Глава 7. ВЫПИТЬ ЧАЮ - И УМЕРЕТЬ.

 
      1.
 
      Пока они шли в свой корпус, Оксана Виленовна всё молчала. Птицын не решался прервать молчания. Только на лестнице она вдруг без всякой связи сказала, полуобернувшись к шедшему сзади Птицыну:
      - Сегодня у меня опять ночное дежурство...
      Некоторое время они продолжали идти по лестнице молча. Наконец, Птицын нашелся:
      - А прежнее приглашение выпить чаю еще в силе?
      Оксана Виленовна улыбнулась:
      - Конечно!
      - В ординаторской? - Птицын, как охотничий пес, вцепился в нее мертвой хваткой и не собирался выпускать добычу из сомкнутых челюстей.
      - Наверное... Да... Почему нет?
      - Во сколько лучше зайти? Я сова, и могу всю ночь не спать...
      Она замялась:
      - В прошлый раз были сплошные вызовы... Было не до чая... Все хотела извиниться перед тобой, да не было случая... Как сегодня будет, не знаю.. Давай так договоримся: если будет посвободней, я сама загляну к тебе в палату... Если ты, конечно, не заснешь... Ну тогда...
      - Не засну. Буду ждать. Спасибо.
      Они разошлись в разные концы коридора.
      У Птицына молниеносно созрел план действий. До ночи еще далеко - он прекрасно всё успеет. Он выхватил из тумбочки кошелек, из-под матраса извлек сумку и поехал в Столешников за вином и конфетами. Ни водку, ни коньяк он не хотел покупать: гадость! Сухое вино для такого случая слабовато. Конечно, лучше всего финский ликер - очень вкусно и незаметно бьет в голову.

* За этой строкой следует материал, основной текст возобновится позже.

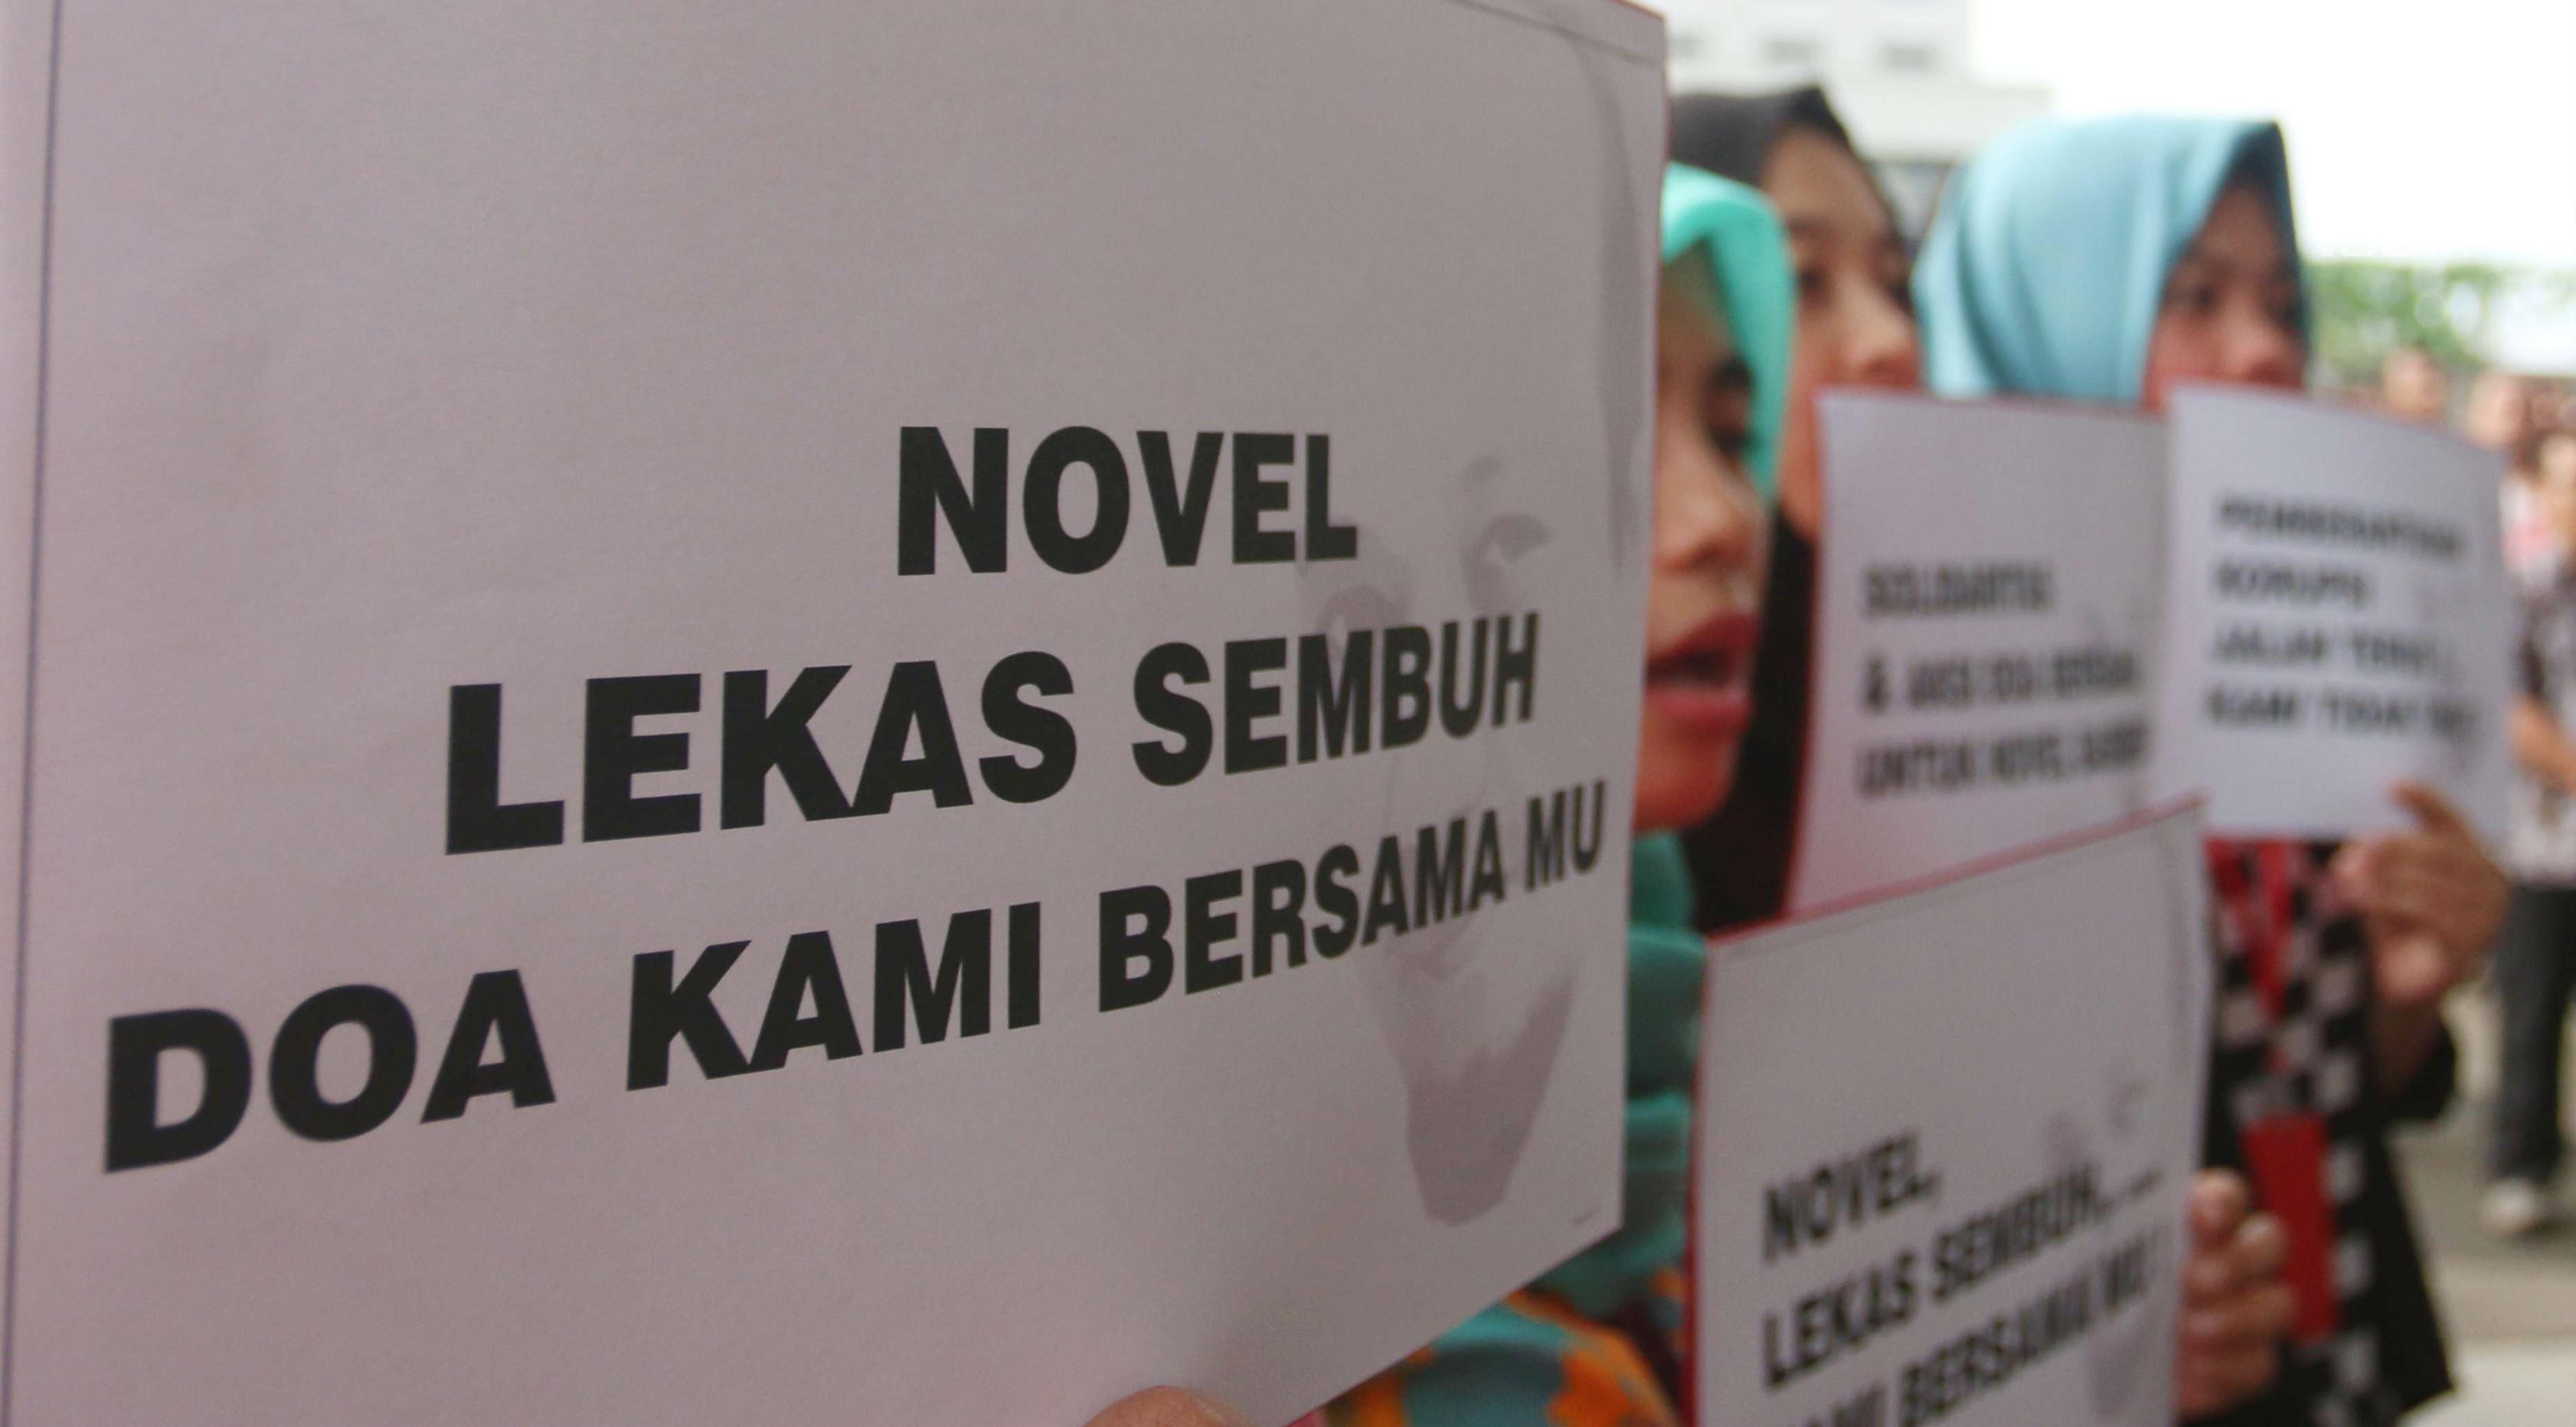 Sejumlah orang membawa poster ungkapan kepedulian saat mengikuti aksi peringatan 100 hari penyerangan Novel Baswedan di gedung KPK, Jakarta, Kamis (20/7). (Liputan6.com/Helmi Afandi)

Да ведь его днем с огнем не сыщешь. К великому удивлению Птицына, дефицитный вишневый финский ликер на этот раз продавался.
      Птицын докупил к ликеру коробку конфет "Красный Октябрь", три красных гвоздики и в аптеке - изделия резиновой промышленности. Таким образом, он полностью экипировался для ночной операции.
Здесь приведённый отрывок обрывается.